Carrying a bunch of books
under his arm, the driver of the Plymouth walked over to a group
of men who sat at a table talking and drinking coffee. He handed
one of the books to an occupant of the table and in exchange received
cash for his delivery.
But a curious thing happened.
The man who bought the book stood up, walked over to a garbage can
and, dangling the book between forefinger and thumb, dropped it
into the trashcan. He did this with his eyes locked onto the stranger.
“This is what I
think of your writings, rubbish!” said the man before walking
back to the table and sitting down. His point was made.
This was the introduction
of Faisal Hassan, the driver of the Plymouth, to his newly found
fame in the 70,000-strong Toronto Somali community as a writer in
Somali language. Hassan, a first time novelist, is the author of
Maandeeq, a slim volume in Somali language that’s making waves
in the Somali community.
Maandeeq outraged many
in the city’s Somali community because Hassan takes on subjects
that always rub a raw nerve. The novel deals with the Somali civil
war and the inability of Somalis to make peace with each other,
a problem that has prolonged the strife in the old country. And
when the author of Maandeeq moves on to the taboo topic of prostitution
in some Somali cities, an issue that no one in the Muslim community
likes to discuss, the anger in Little Somalia hits the roof.

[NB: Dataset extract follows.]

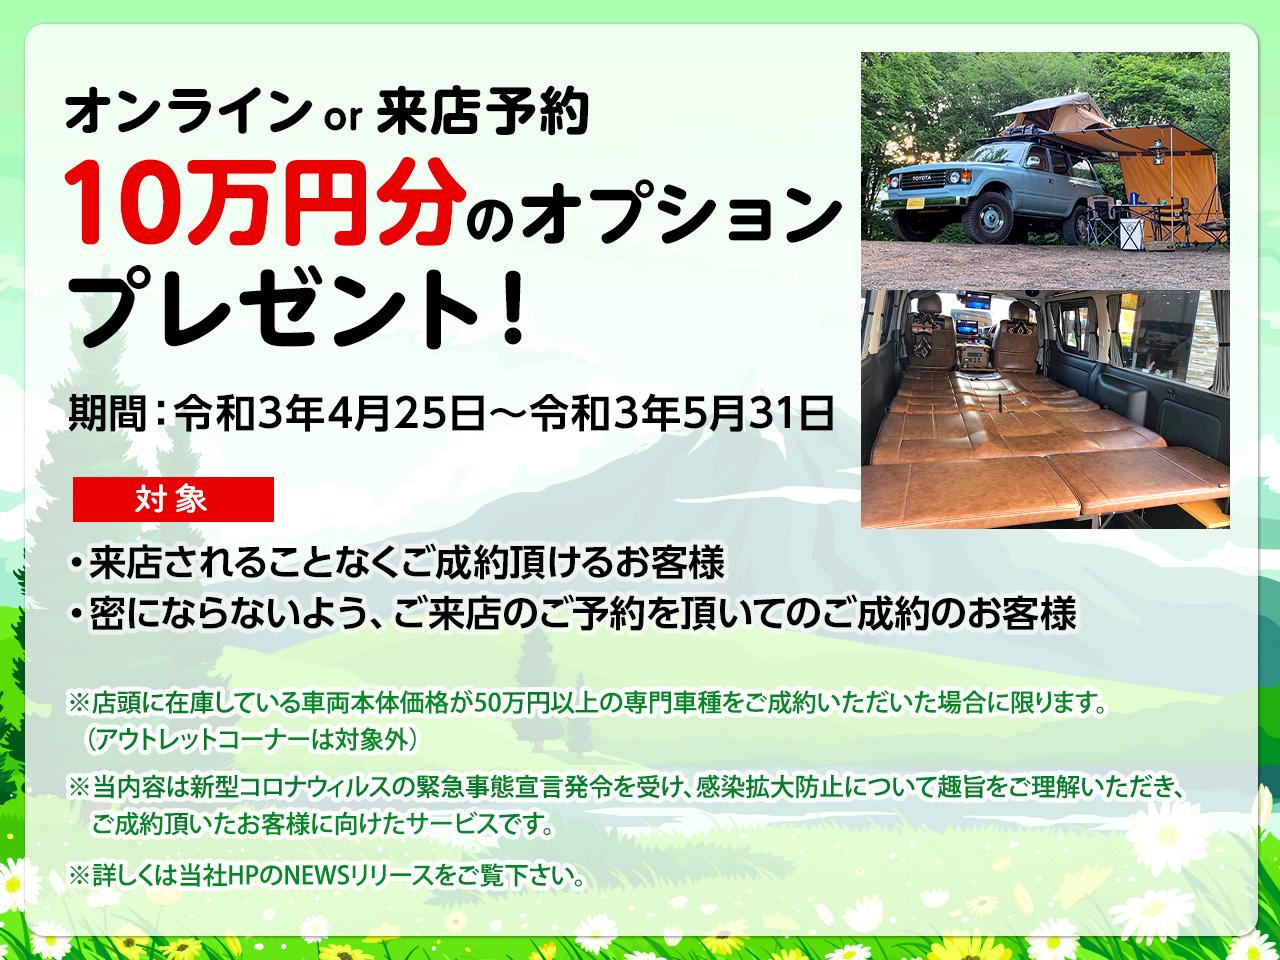 ✨ハイエース仙台東店のご納車一挙ご紹介✨
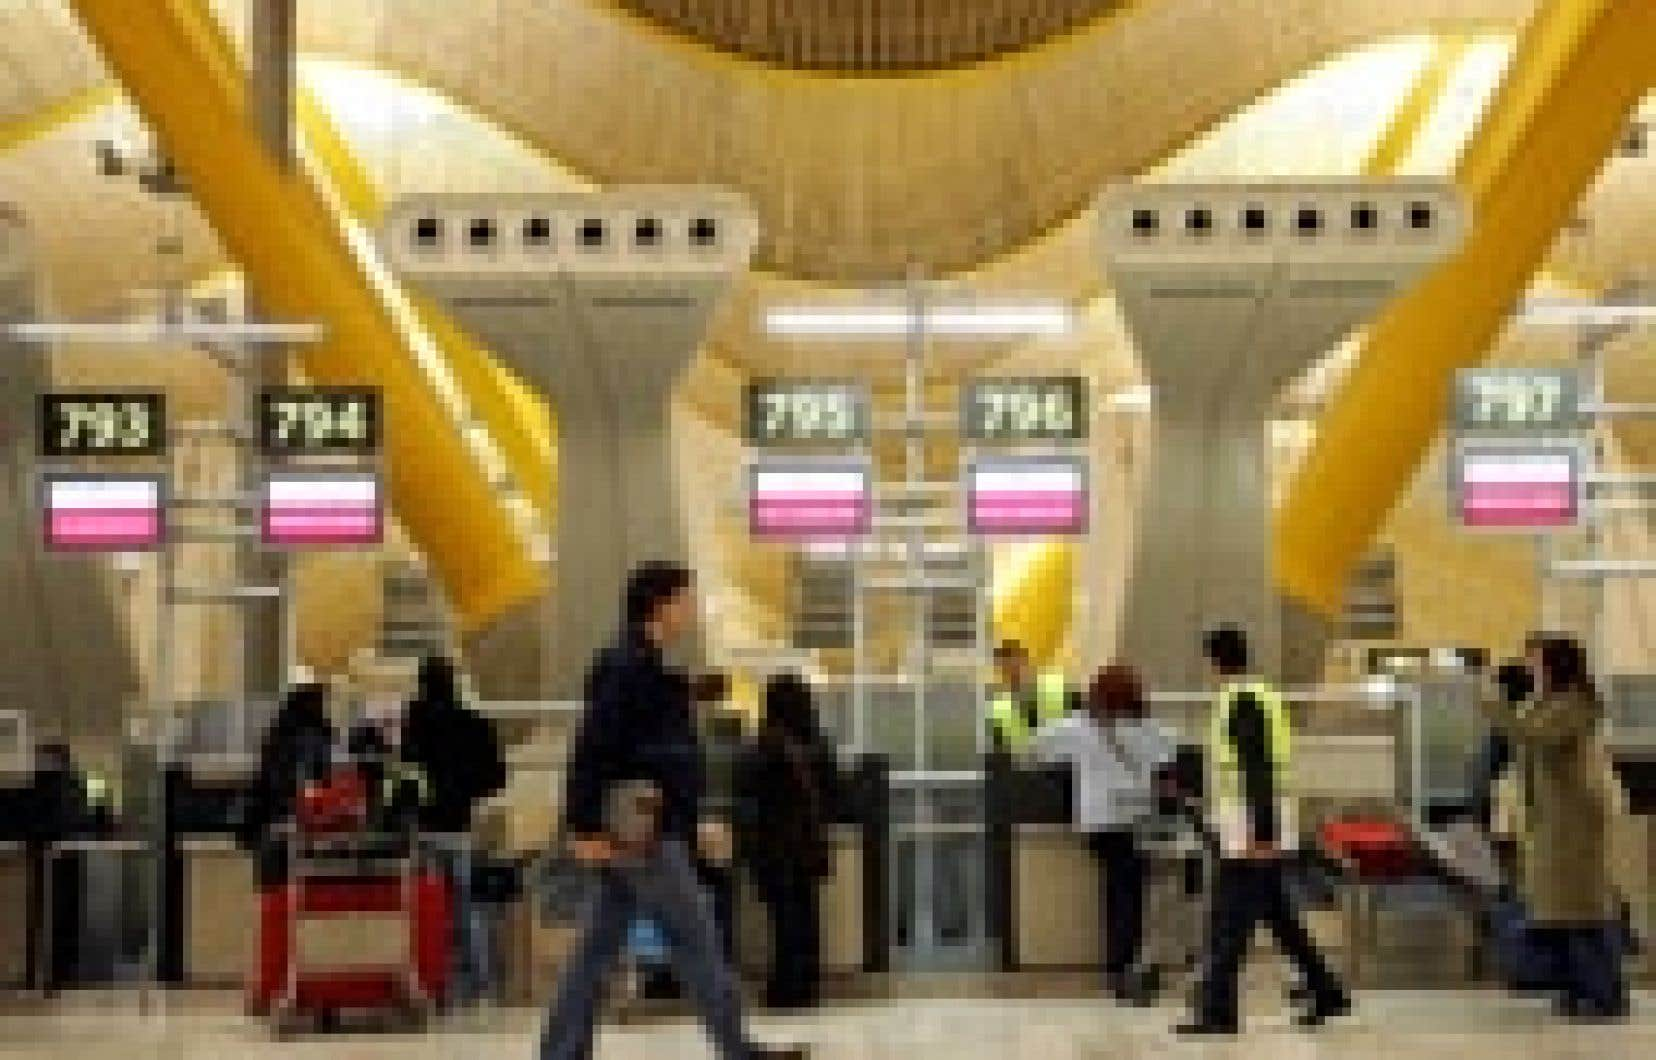 Le nouvel aéroport de Madrid, qui sera officiellement inauguré ce mois-ci, recevra 70 millions de passagers cette année.

The Somali language novelist
has faced the heat from his book in front of restaurants, in coffee
shops and even at his work place. Charges of “defaming the
community and the Somali culture” have dogged him. One evening,
the controversy spilled outside a Somali restaurant in Etobicoke
where Hassan found himself surrounded by a small group of critics.
The crowd had a major demand. They wanted Hassan to halt the distribution
of his novel to the small corner stores where it was being sold.
A tall man sporting a short, closely cropped beard and eyeglasses
appeared to be the spokesperson of the group that surrounded Hassan.
“The man offered
me a lump sum of money if I agreed to stop distributing my book,”
Hassan says in interview. “It was astonishing. He said he
was offering a large amount of money collected from religious leaders
who objected to my book because it made the community to look bad.”
Things got so hot that
irate readers were even calling his employer, a community organization
where the author of Maandeeq works as a housing counselor. Some
wanted him fired.
“But my boss paid
them no attention, telling the callers what I did outside my work
hours was my own business,” Hassan says. “That stopped
the calls and I am happy my manager supported me in this way.”
Even some religious leaders
got into the act, going from store to store to buy up all of the
available copies of the book. But they soon gave up as Hassan replenished
supplies every time the book was sold out. At one store, the pressure
from local religious leaders forced the store manager to refuse
stocking the book.
“The manager phoned
me to say that my book will not continue to be sold at his store,”
says Hassan. “Even though I was sometimes frightened and discouraged
by the uproar, a debate soon started and I got a lot of support
from young people and my co-workers.”
The store owner, who
doesn’t want to give his name, says that the book was popular
with Somali language readers. He says he sold more than 300 copies.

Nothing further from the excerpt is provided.